Several styles of Goudy Oldstyle were used for this ad from Braniff International’s “End of the Plain Plane” campaign. From Wikipedia:

Braniff Airways, Inc., operating as Braniff International Airways, from 1948 until 1965, and then Braniff International from 1965 until closure, was an American airline that flew air carrier operations from 1928 until 1982 […]

To overhaul the Braniff image, Lawrence hired Jack Tinker and Partners, who assigned advertising executive Mary Wells – later Mary Wells Lawrence after her November, 1967 marriage to Harding Lawrence in Paris – as account leader. First on the agenda was to overhaul Braniff’s public image – including the red, white, and blue “El Dorado Super Jet“ livery which Wells saw as “staid”. New Mexico architect Alexander Girard, Italian fashion designer Emilio Pucci, and shoe designer Beth Levine were hired, and with this new talent Braniff began the “End of the Plain Plane” campaign.

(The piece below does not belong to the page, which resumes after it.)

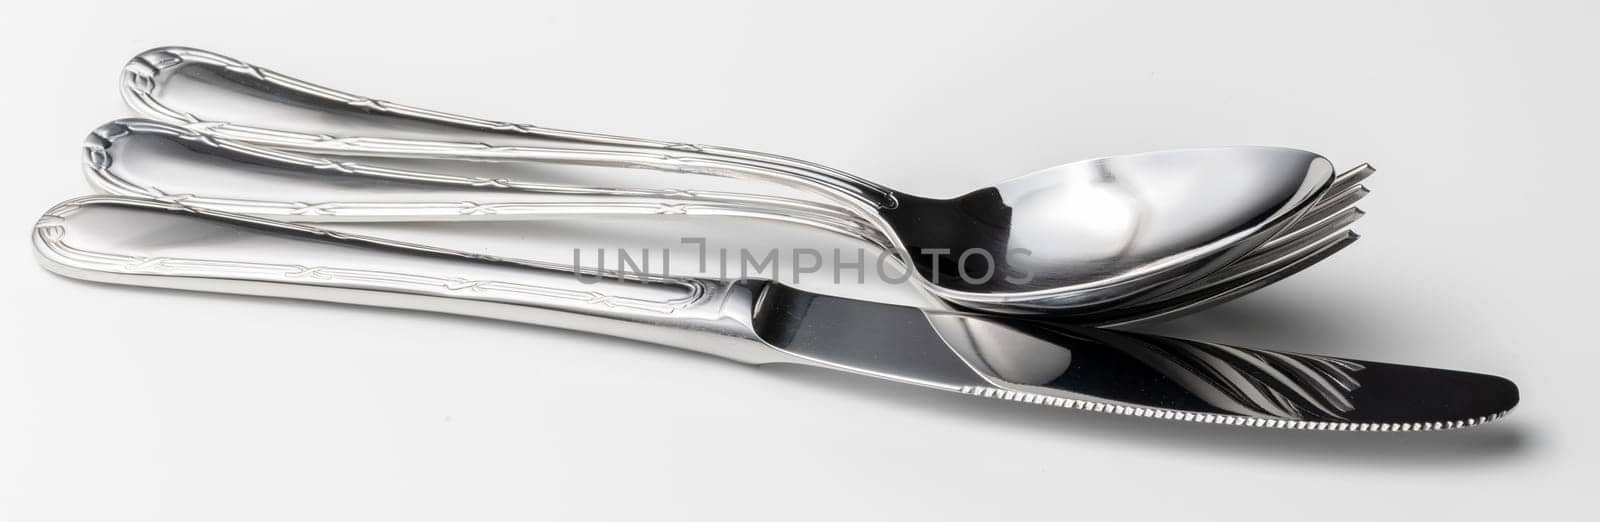 Spoon, fork and knife on a white background by Fabrikasimf

At Girard’s recommendation the old livery was dropped in favor of a single color on each plane, selected from a palette of bright hues like “Chocolate Brown” and “Metallic Purple.” He favored a small “BI” logo and small titles. Braniff engineering and Braniff’s advertising department modified Girard’s colors, enlarged the “BI” logo, and added white wings and tails. This, ironically, was based on the 1930s Braniff “Vega” Schemes, which also carried colorful paint with white wings and tails. The new “jelly bean“ fleet carried such colors as beige, ochre, orange, turquoise, baby blue, medium blue, lemon yellow, and lavender.